_Exercise prompt:_
Please output the listing exactly as it stands, but omit any images.

_Provided data:_
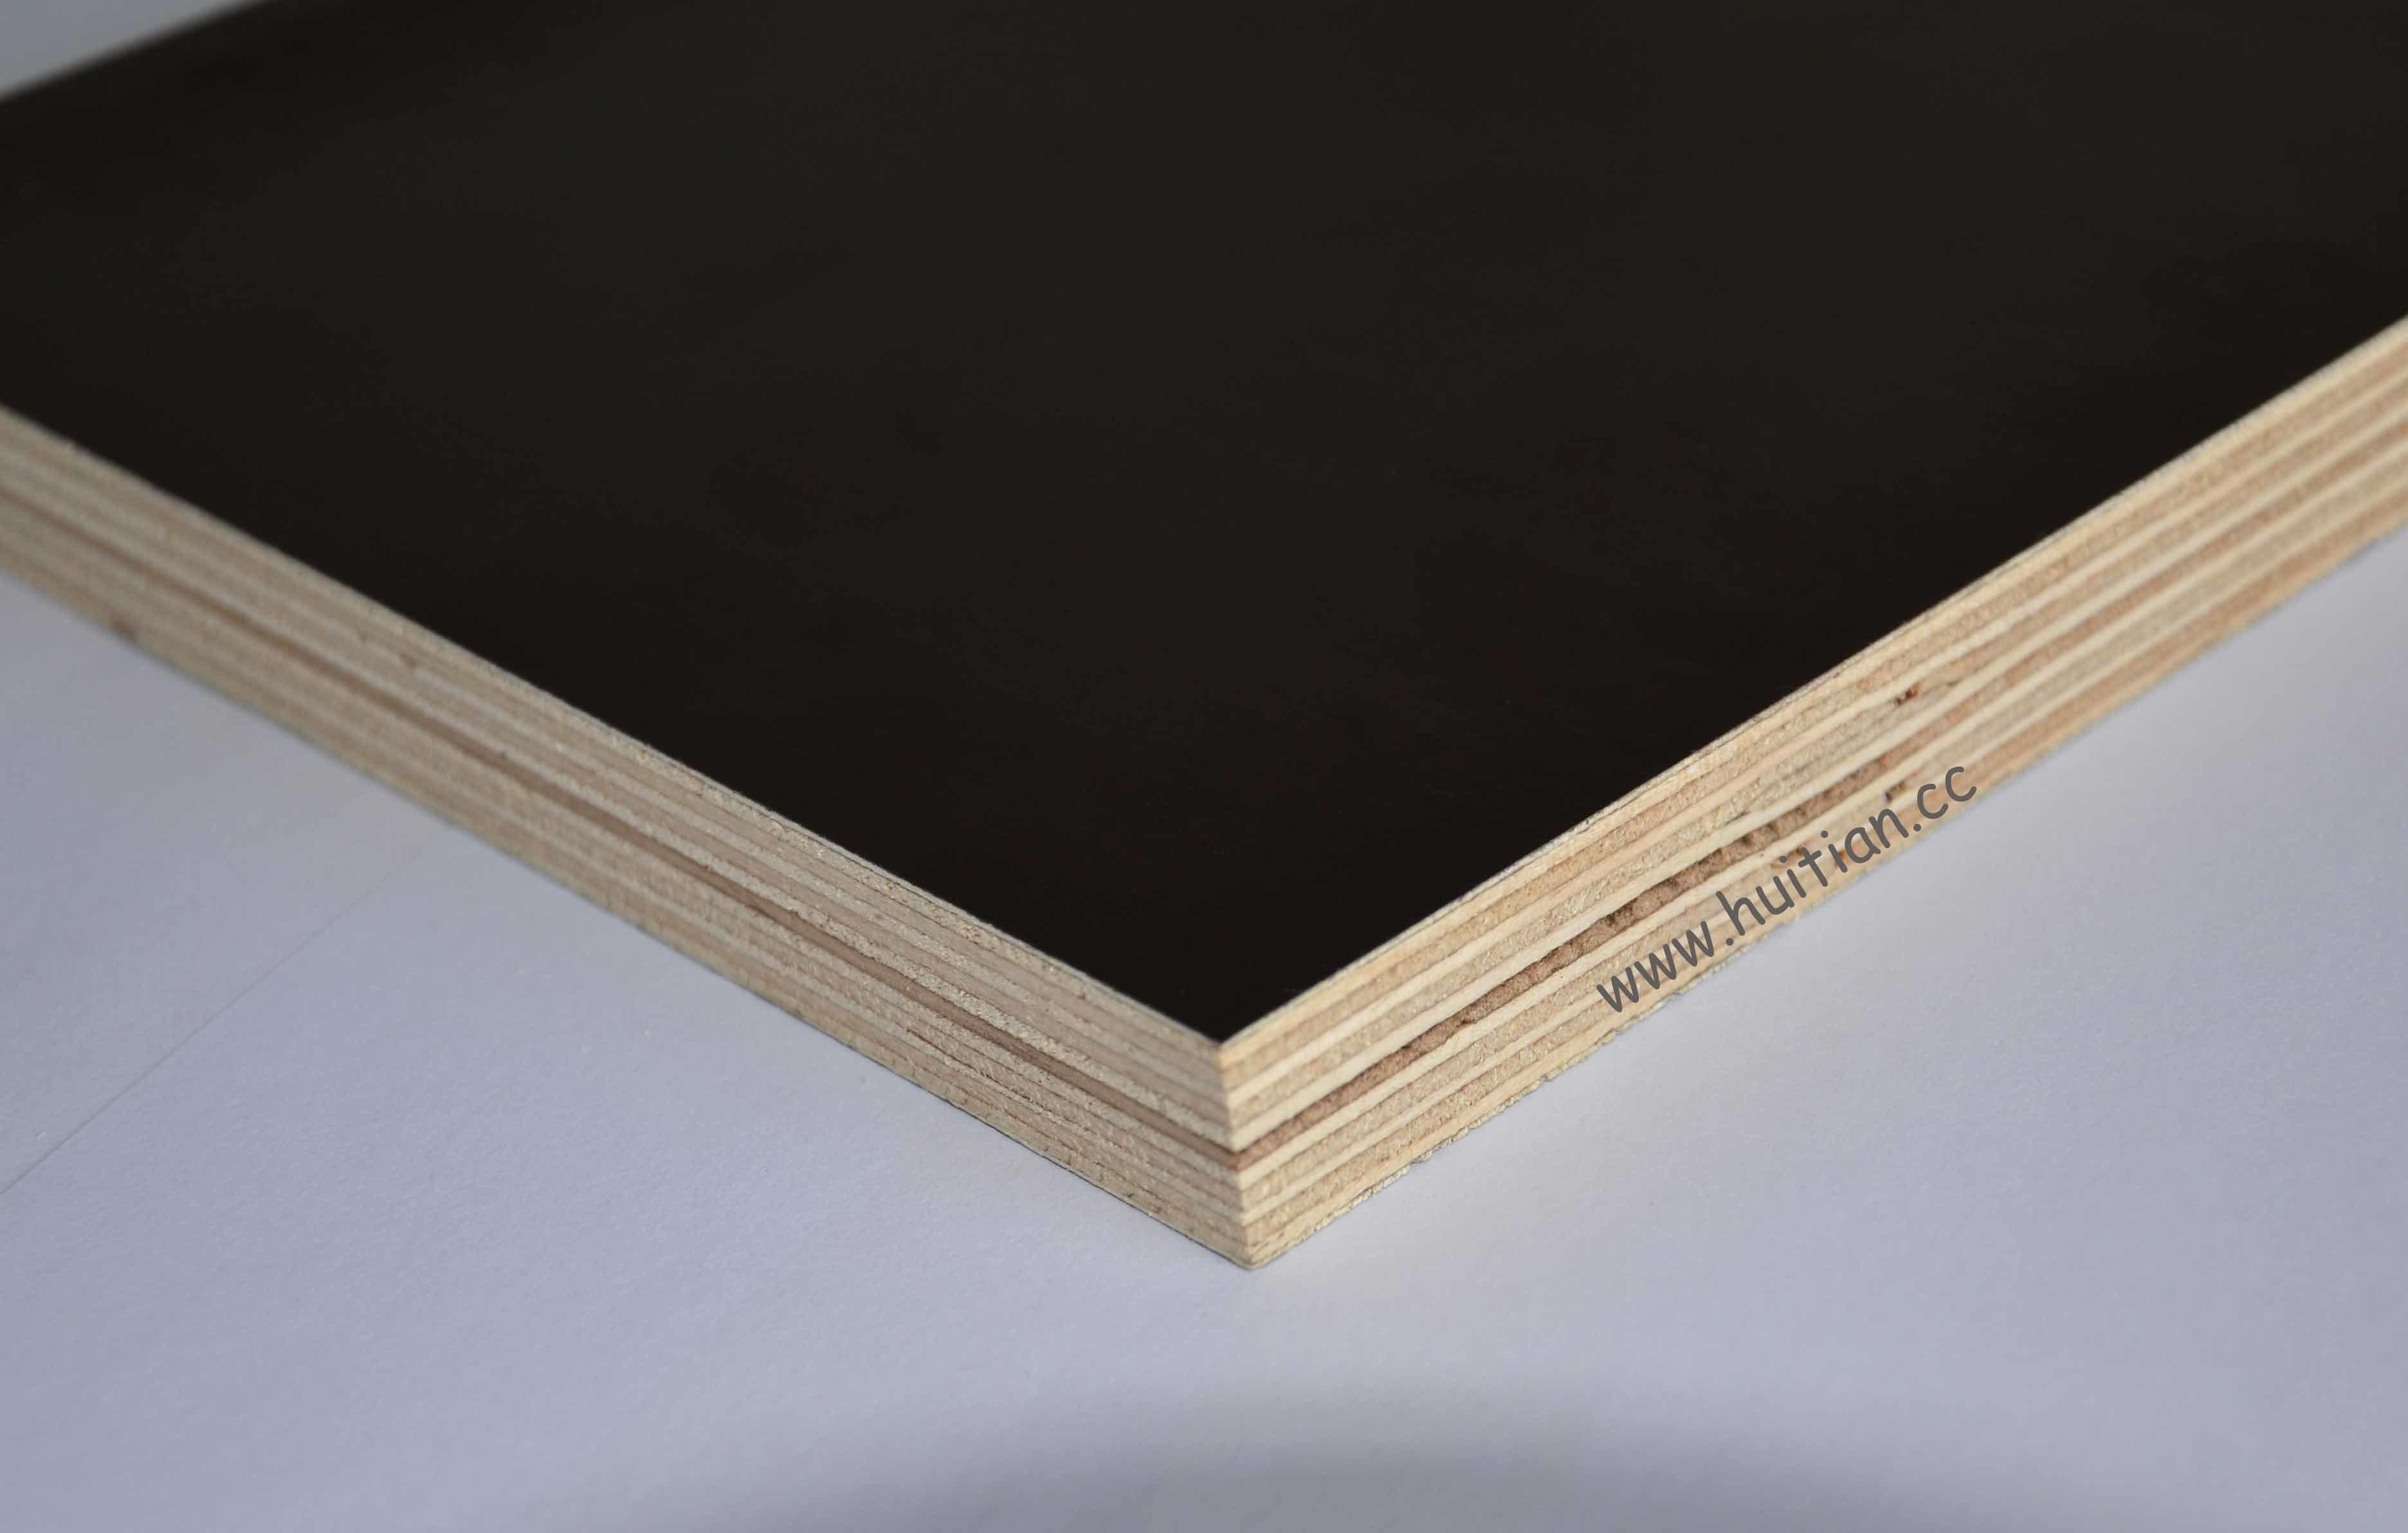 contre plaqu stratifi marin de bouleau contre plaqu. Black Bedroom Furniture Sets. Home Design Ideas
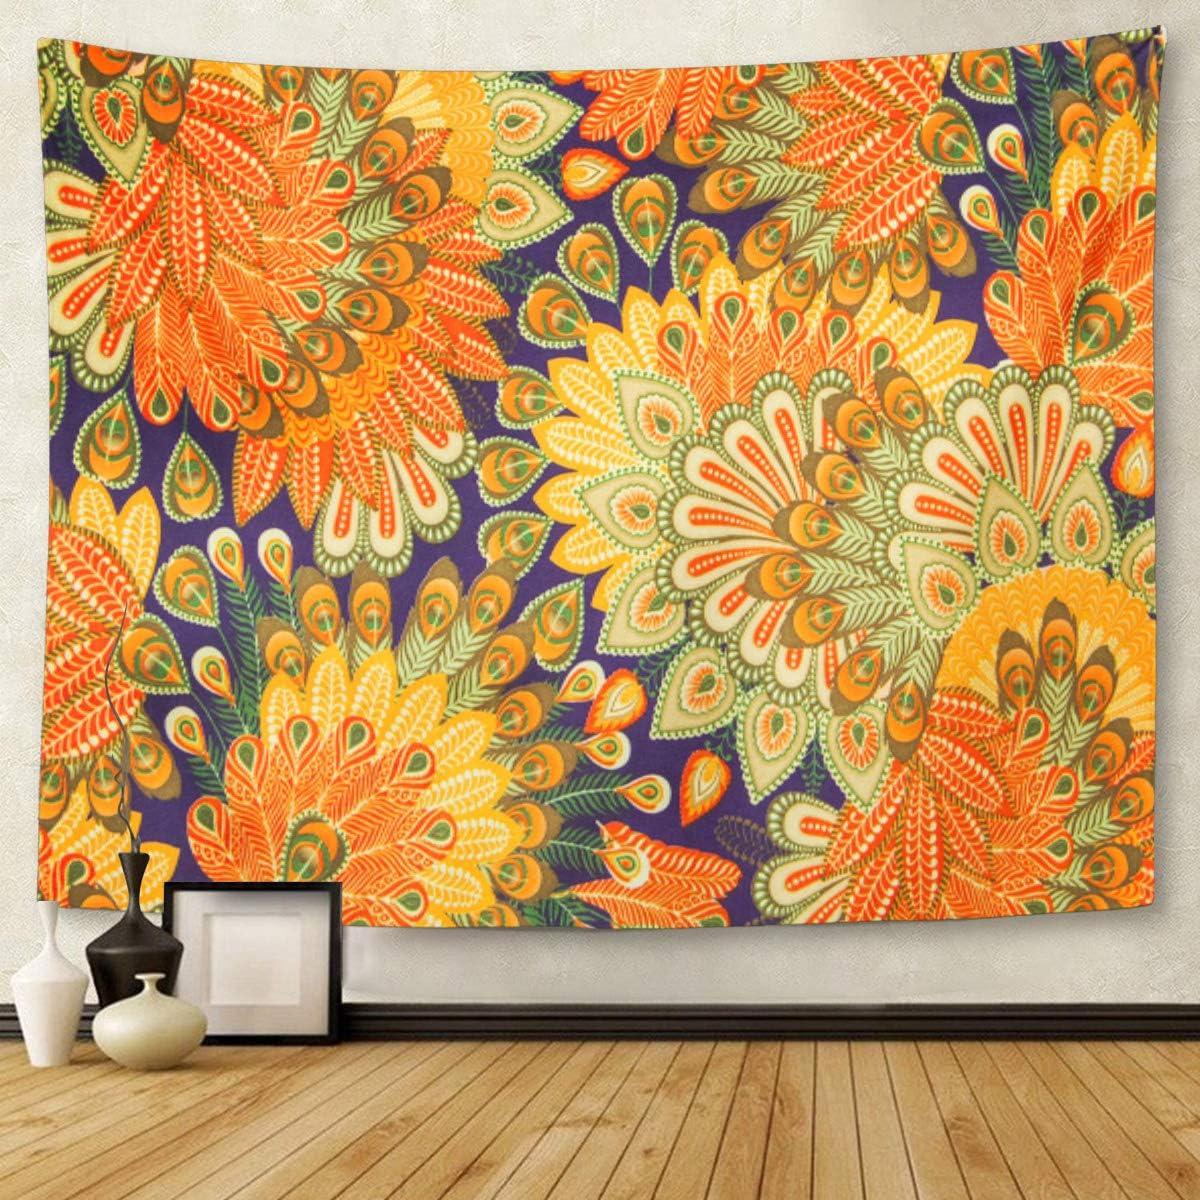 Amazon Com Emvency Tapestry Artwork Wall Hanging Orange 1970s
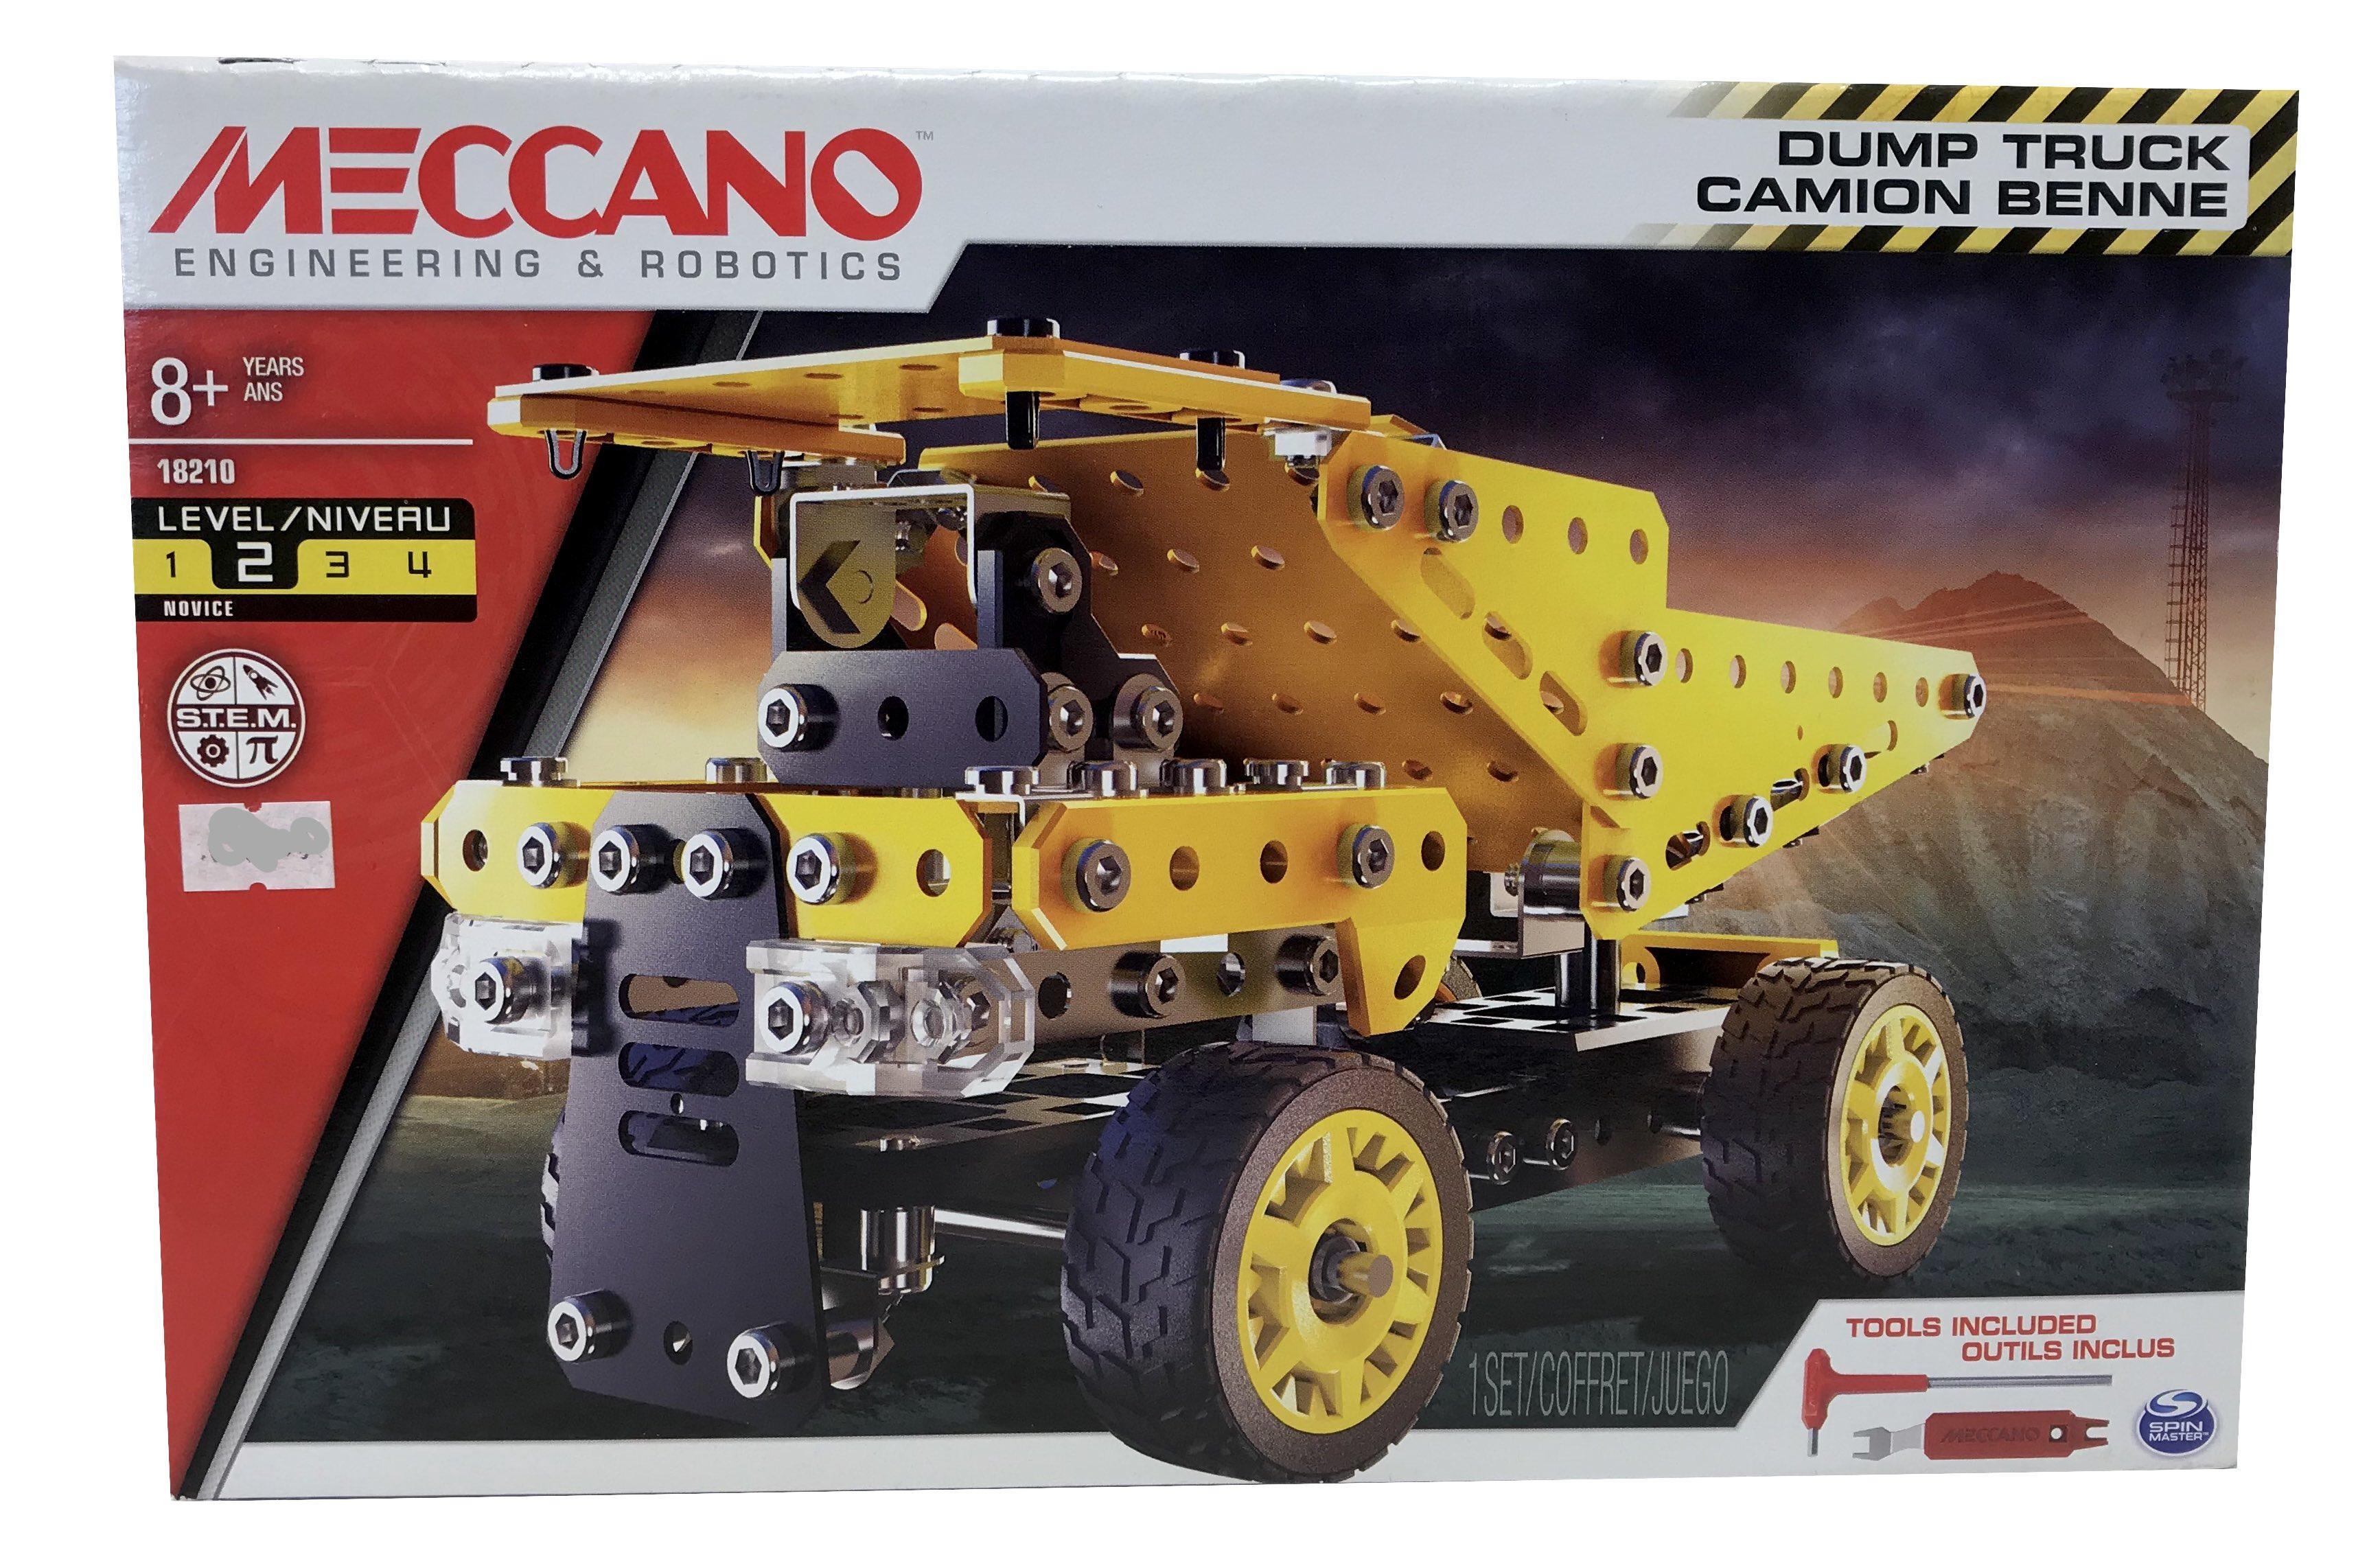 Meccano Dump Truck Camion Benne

_Exercise solution:_
 contre plaqu stratifi marin de bouleau contre plaqu. Black Bedroom Furniture Sets. Home Design Ideas
 Amazon Com Emvency Tapestry Artwork Wall Hanging Orange 1970s
 Meccano Dump Truck Camion Benne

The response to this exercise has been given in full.